_Task_
Extract each line of the material that follows exactly and omit its pictures.

_Dataset extract_
- Opening Delimiter -

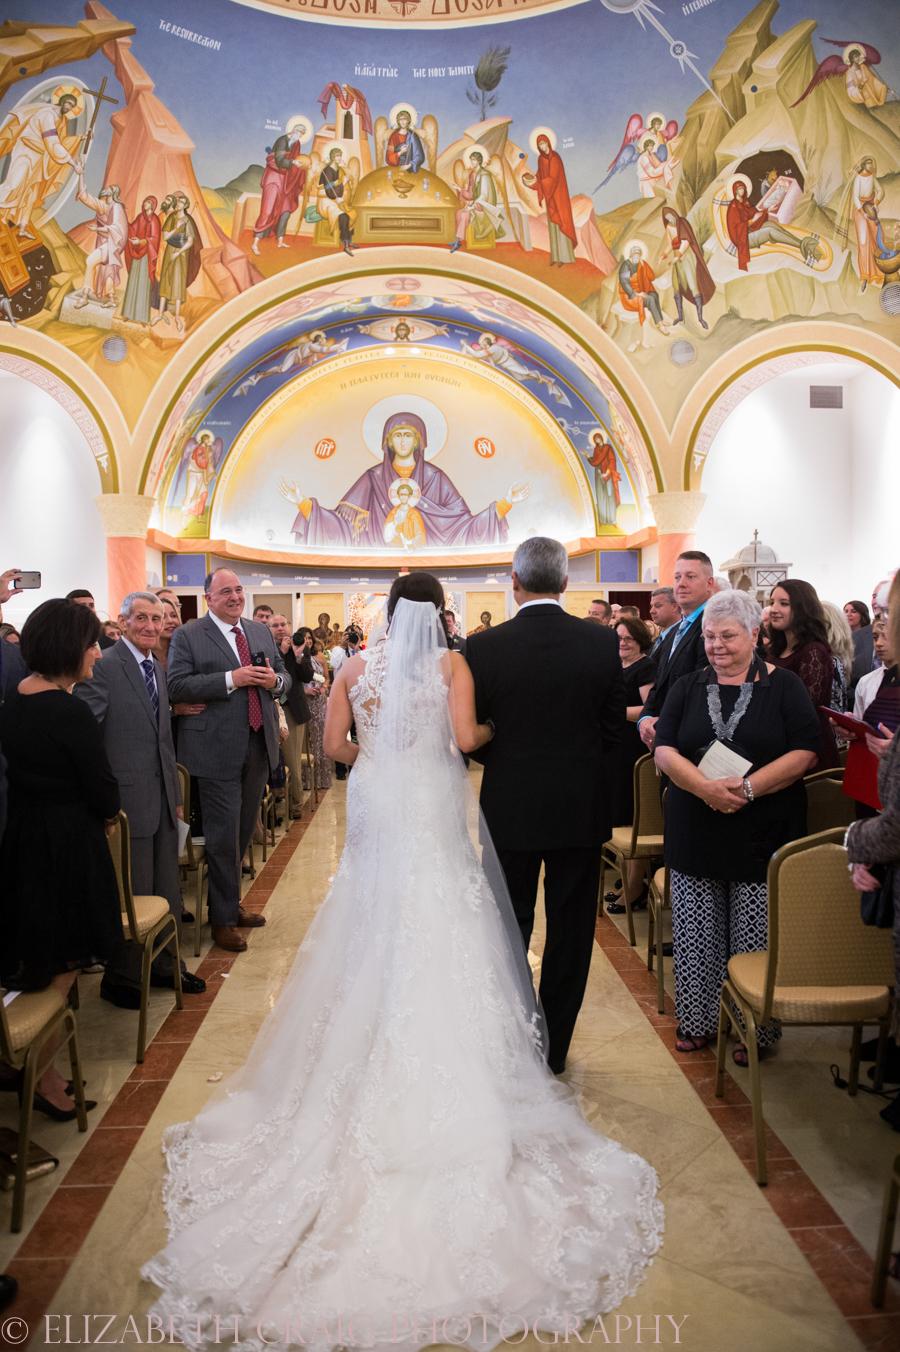 pittsburgh-greek-weddings-fairmont-weddings-receptions-elizabeth-craig-photohgraphy-006
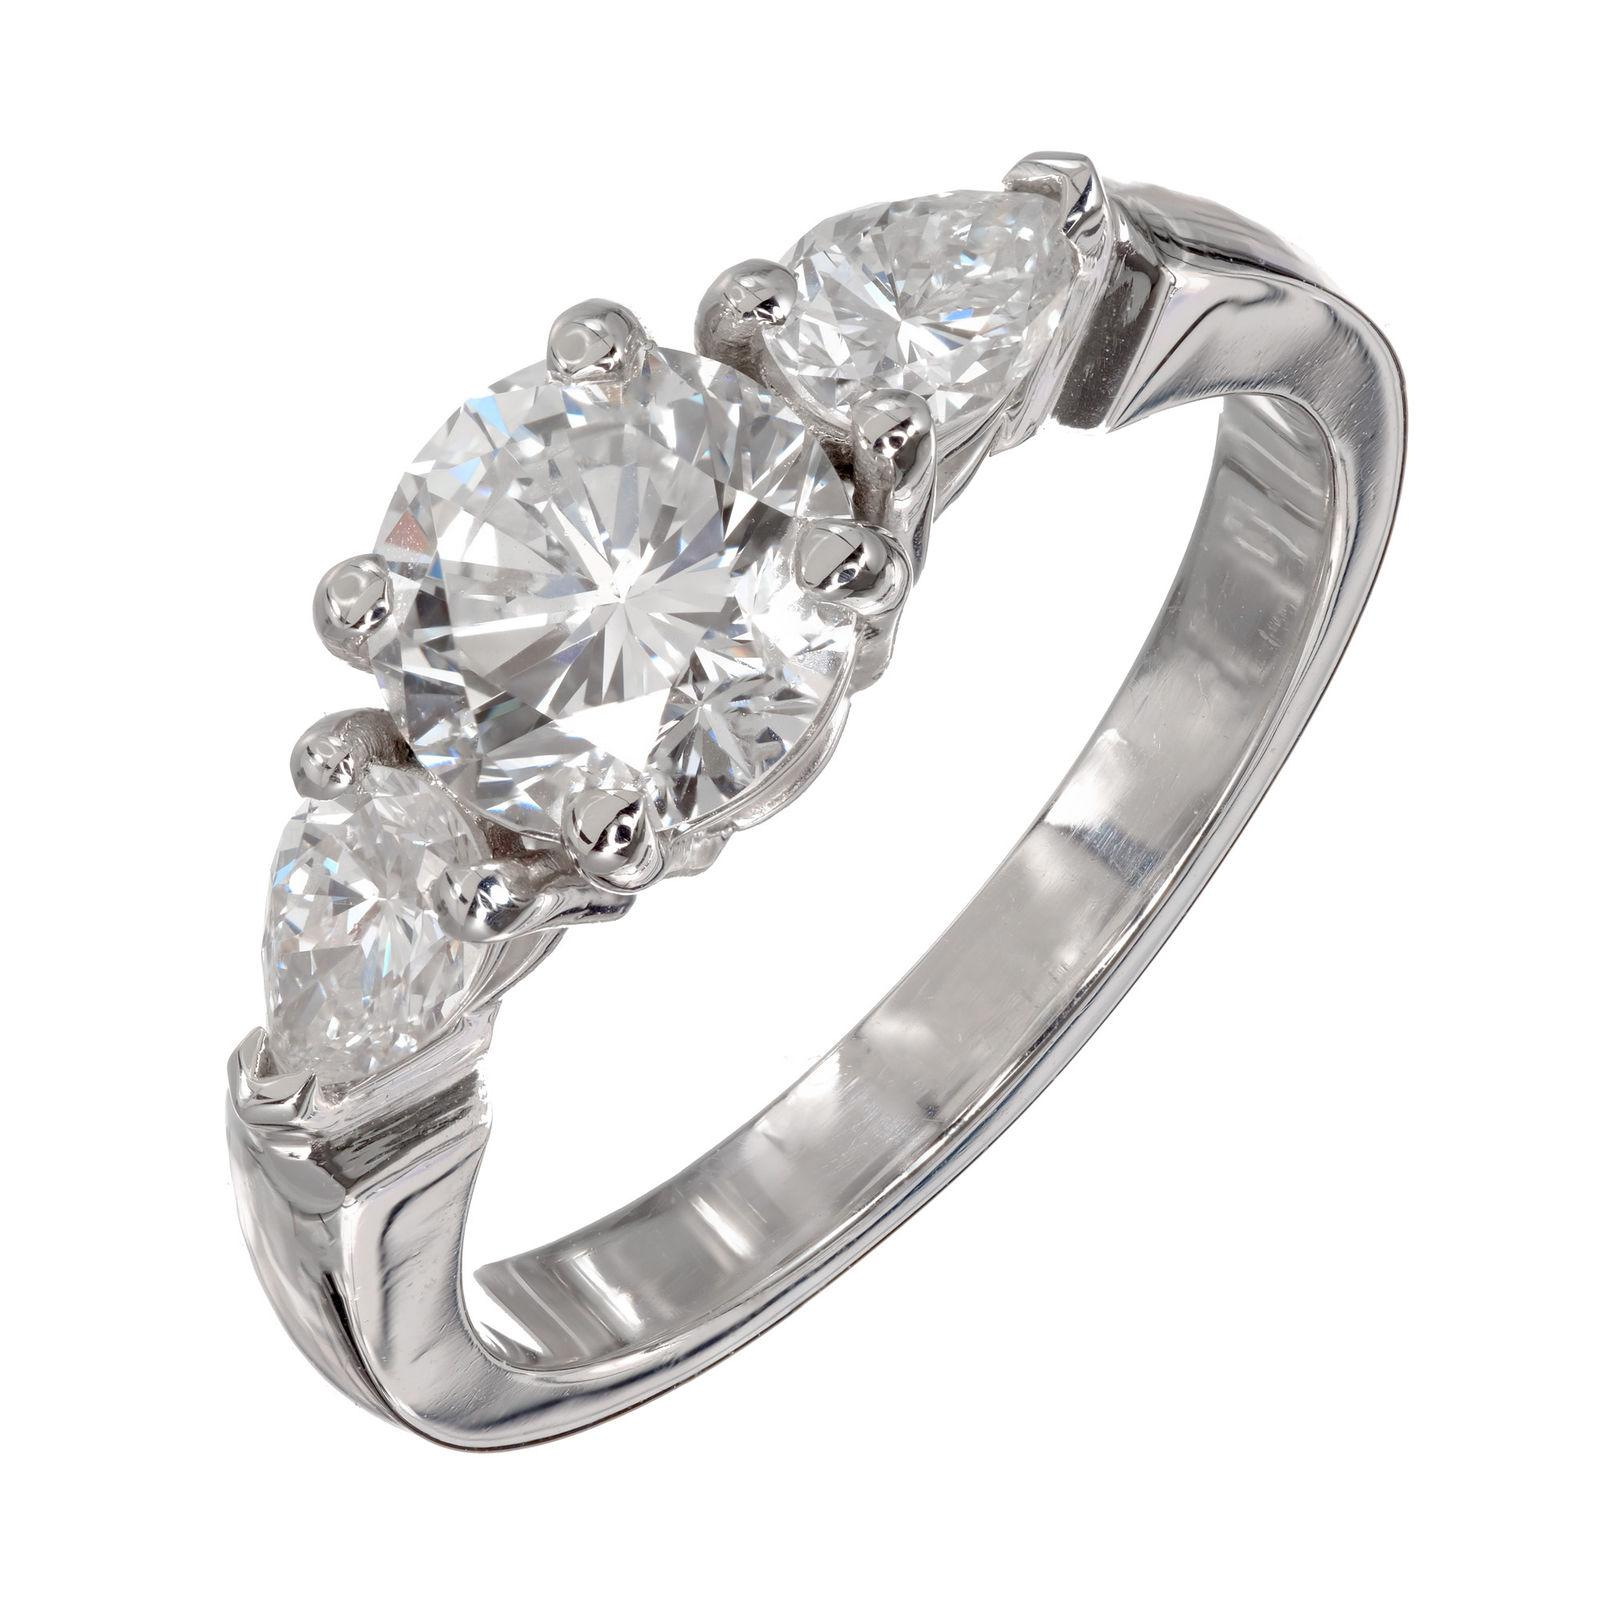 Peter Suchy GIA Certified 1.58 Carat Diamond Platinum Engagement Ring
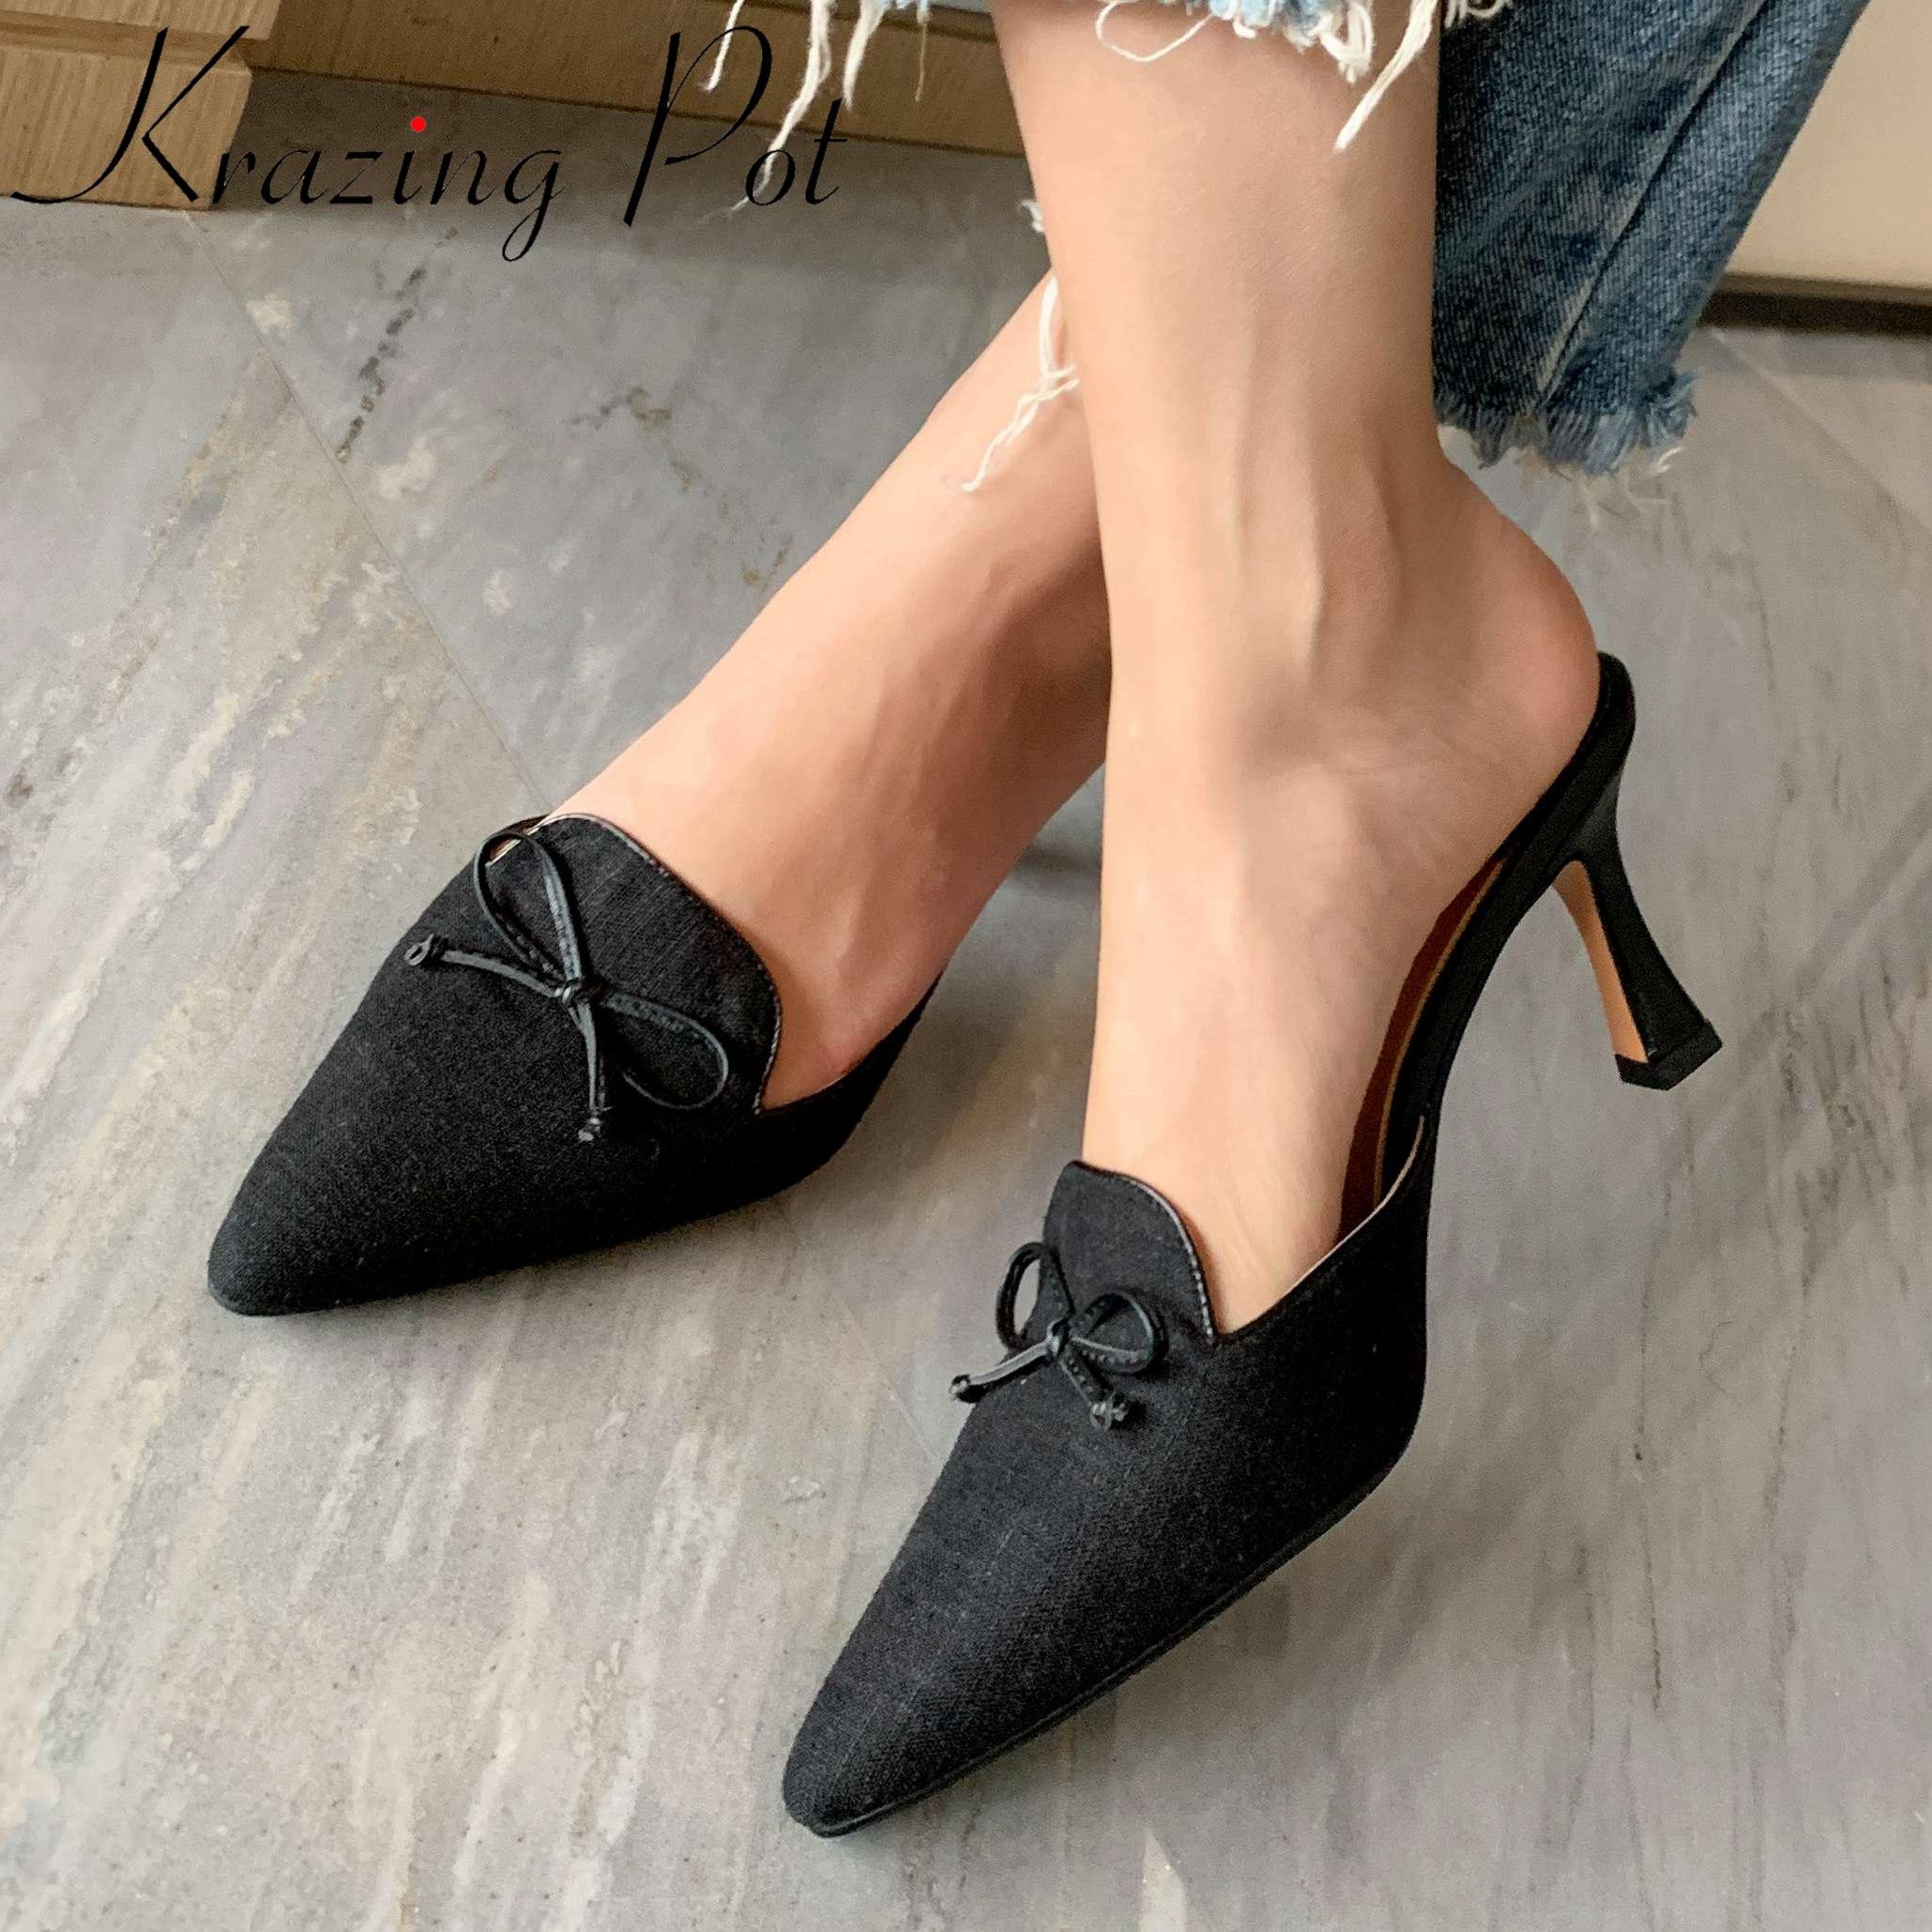 Krazing pot special cloth cozy women shoes pointed toe high heels slip on mules bowtie maiden Korean streetwear summer pumps L99

- Closing Delimiter -

_The completed task_
 pittsburgh-greek-weddings-fairmont-weddings-receptions-elizabeth-craig-photohgraphy-006
 Peter Suchy GIA Certified 1.58 Carat Diamond Platinum Engagement Ring
 Krazing pot special cloth cozy women shoes pointed toe high heels slip on mules bowtie maiden Korean streetwear summer pumps L99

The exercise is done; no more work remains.